Hamlet BioPharma has completed the phase II clinical trial of its drug candidate Alpha1H in patients with cancer in the urinary bladder.
The final clinical study report based on extensive analyses of clinical and laboratory data highlights the potent treatment effects. All primary and secondary endpoints of safety and efficacy were reached. The final clinical report has been completed and submitted to the FDA.

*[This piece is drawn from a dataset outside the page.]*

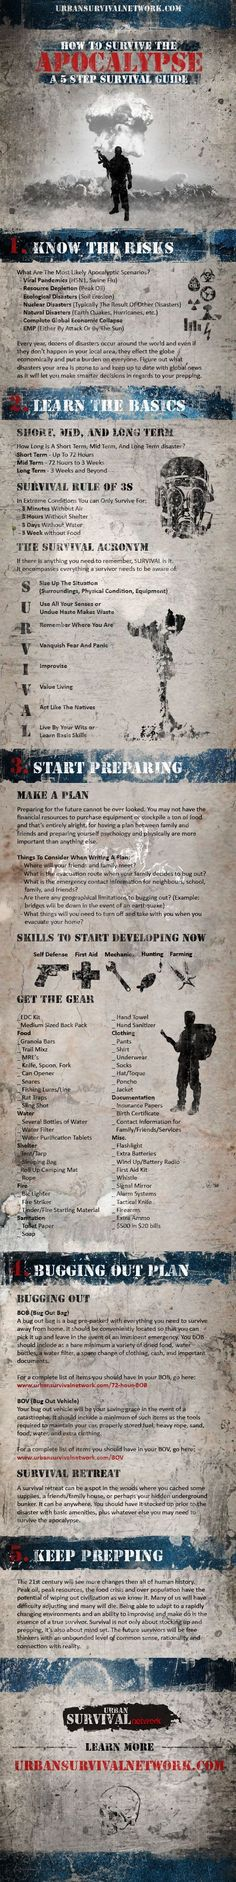 How to Survive the Apocalypse | survivalist ultimate guide. | http://survivallife.com/2014/03/03/survival-infographics/

“The final clinical report’s consistent efficacy outcomes and favourable safety profile are highly encouraging. The strength of the data provides compelling evidence of Alpha1H’s potential to become a much-needed proactive treatment option, and we look forward to advancing it in our regulatory discussions. We are committed to bringing this innovative therapy to patients as quickly and safely as possible. These results mark a major milestone for Hamlet BioPharma and for people with cancer in the urinary bladder. The study was made possible through close collaboration with leading universities and medical centres, including Lund University, Sweden, Motol University Hospital, Czechia and Linnane Pharma AB, whose combined expertise ensured robust design, execution, and analysis,” said Catharina Svanborg, CEO of Hamlet BioPharma.
Efficacy was formally confirmed, as 80% of tumours responded to Alpha1H, with 59% average tumour size reduction in the high-dose group.
Alpha1H reaches tumour tissue, triggers tumour cell apoptosis, and causes rapid shedding of tumour cells into the urine.
Patients who received a second round of instillations maintained clinical benefit, showing continued tumour cell death and reduction — demonstrating the treatment’s lasting efficacy, even with repeated dosing.
Cytokine profiling shows Alpha1H activates a broad immune response overlapping with BCG, the current standard of care. However, Alpha1H triggers this response more rapidly and without lasting side effects.
Advanced RNA sequencing revealed Alpha1H downregulated more than 700 of around 800 cancer-related genes, including key oncogenes like RAS and GJA1. This provides a mechanistic explanation for its unique tumour-killing profile.
No drug-related serious adverse events occurred, even after higher or repeated dosing. Mild local side effects were comparable to placebo, and no systemic effects were observed, consistent with Alpha1H’s local mechanism of action.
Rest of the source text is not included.